Berondongan senjata dilanjutkan. Negoisasipun bukan jalan keluar. Bagas berpikir sejenak. Ia tahu orang-orang Lady bukan orang bodoh yang cari masalah tanpa memikirkan akibat. Ia sangsi pada ucapan anak buah Don yang terkesan mencari alasan untuk memecah perang, namun jika ucapannya benar, maka ia mencurigai satu orang.

Odin, sang pendatang.

***

Sebuah mobil Porsche hitam dan sebuah jip melintas dari arah barat dan berhenti agak jauh dari tempat kejadian.

"Orang kita cuma segini?" tanya pria berumur yang memegang The Thomson '28. Aura yang sama dengan milik Tuan terpancar dari pria tersebut, sama seperti aura yang terpancar dari Lady. Odin yakin, orang inilah yang Odin cari.

"Maaf Don, orang kita yang ada memang cuma segini. Yang lain entah dimana, dihubungi pun tidak aktif." Pria di sebelahnya terlihat sibuk mengeluarkan senjata dari bagasi.

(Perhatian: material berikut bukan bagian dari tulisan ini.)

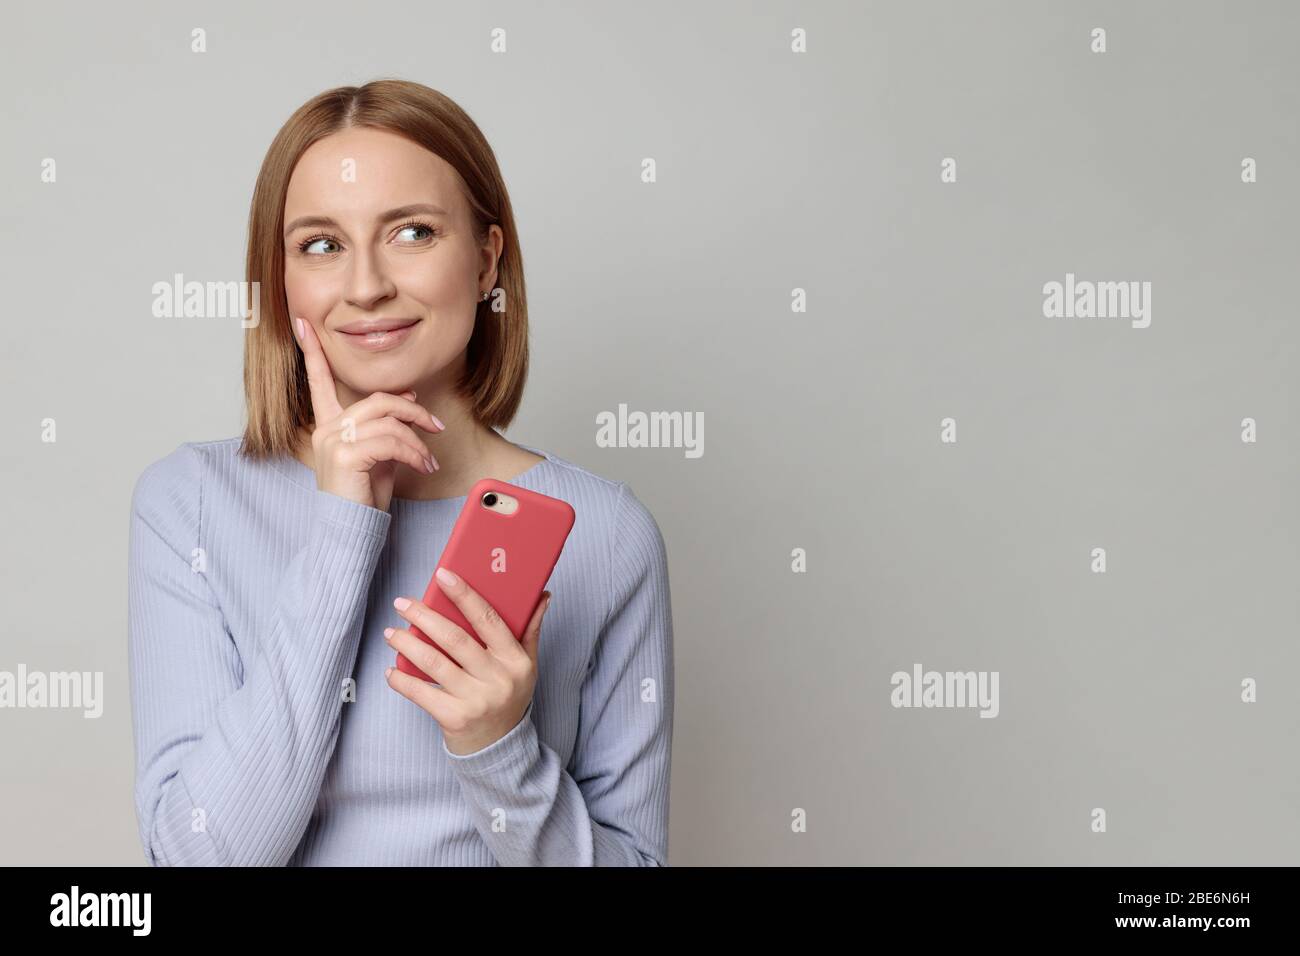 Studio portrait of pleasant cheerful lovely european woman looks up at blank copy space, holding smartphone, isolated over beige background. Positive Stock Photo

Don hanya menghela napas dan melangkah mendekati zona merah.  Ini adalah saat bagi Odin untuk menyelesaikan misi yang diberikan Lady. Odin berlari mendekati arah pria yang mengangkat senjatanya ke udara. Di tangannya, sebilah pisau terhunus dengan sempurna. Hanya dengan satu ayunan, ia yakin bisa melukai leher pria yang bahkan tidak mengawasi daerah belakangnya.

"Matilah."

Bunyi logam yang berbenturan membuat Don menoleh. Pemuda yang ia rekrut tadi sore kini berhadapan dengan pemuda lain yang memiliki rambut berwarna keemasan. Dari gesturnya, Don tahu bahwa pemuda bertudung biru yang ia rekrut sedang melindunginya dari serangan si pemuda emas. Apalagi Don melihat sebilah pisau terhunus di tangannya.

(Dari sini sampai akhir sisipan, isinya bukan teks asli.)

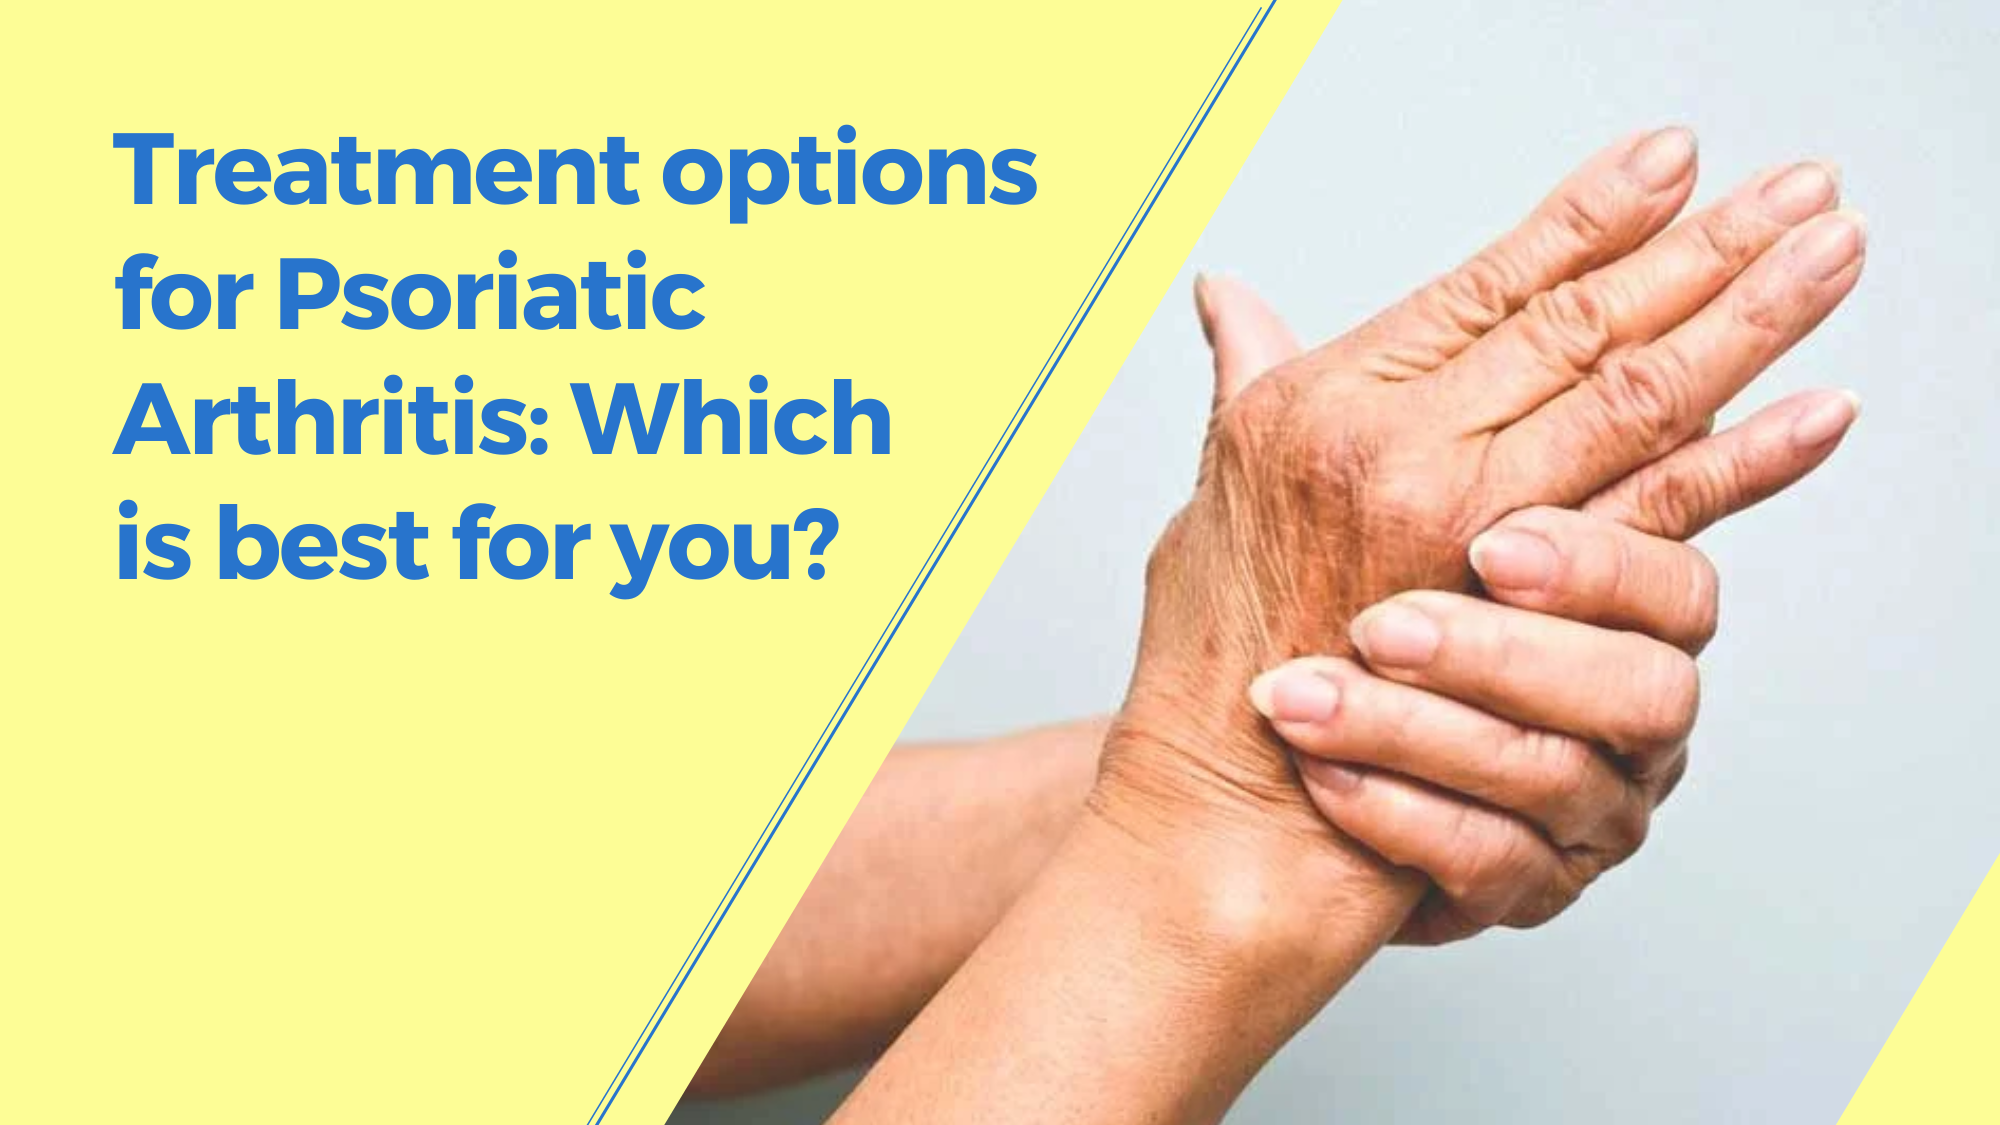 Treatment options for psoriatic arthritis: which is best for you?

Odin melompat mundur. Ia sama sekali tidak memperkirakan kehadiran pihak lain yang seenaknya menghalangi apa yang ia lakukan. Dari  pakaiannya, Odin tahu bahwa pemuda yang kini sedang dipuji-puji oleh Don adalah pemimpi yang sama dengan dirinya, dan mungkin memiliki misi yang sama. Ia jelas bukan anak buah Don yang notabene mengenakan pakaian formal, ataupun anak buah Lady yang mengenakan kemeja sutra.

Siapapun orang ini, harus Odin lenyapkan karena telah menghalangi misinya.

Odin menumpukan badan pada kaki kanannya sebelum melesat ke arah si tudung biru. Satu putaran badan, dan serangan Odin berhasil ia hindari. Don menyunggingkan senyum melihat kedua 'bocah' tersebut bermain 'thrust and dodge'. Ia membalikkan badan, membiarkan bocah-bocah bermain dengan dunia mereka sendiri sedangkan ia memiliki masalah dewasa yang harus diatasi.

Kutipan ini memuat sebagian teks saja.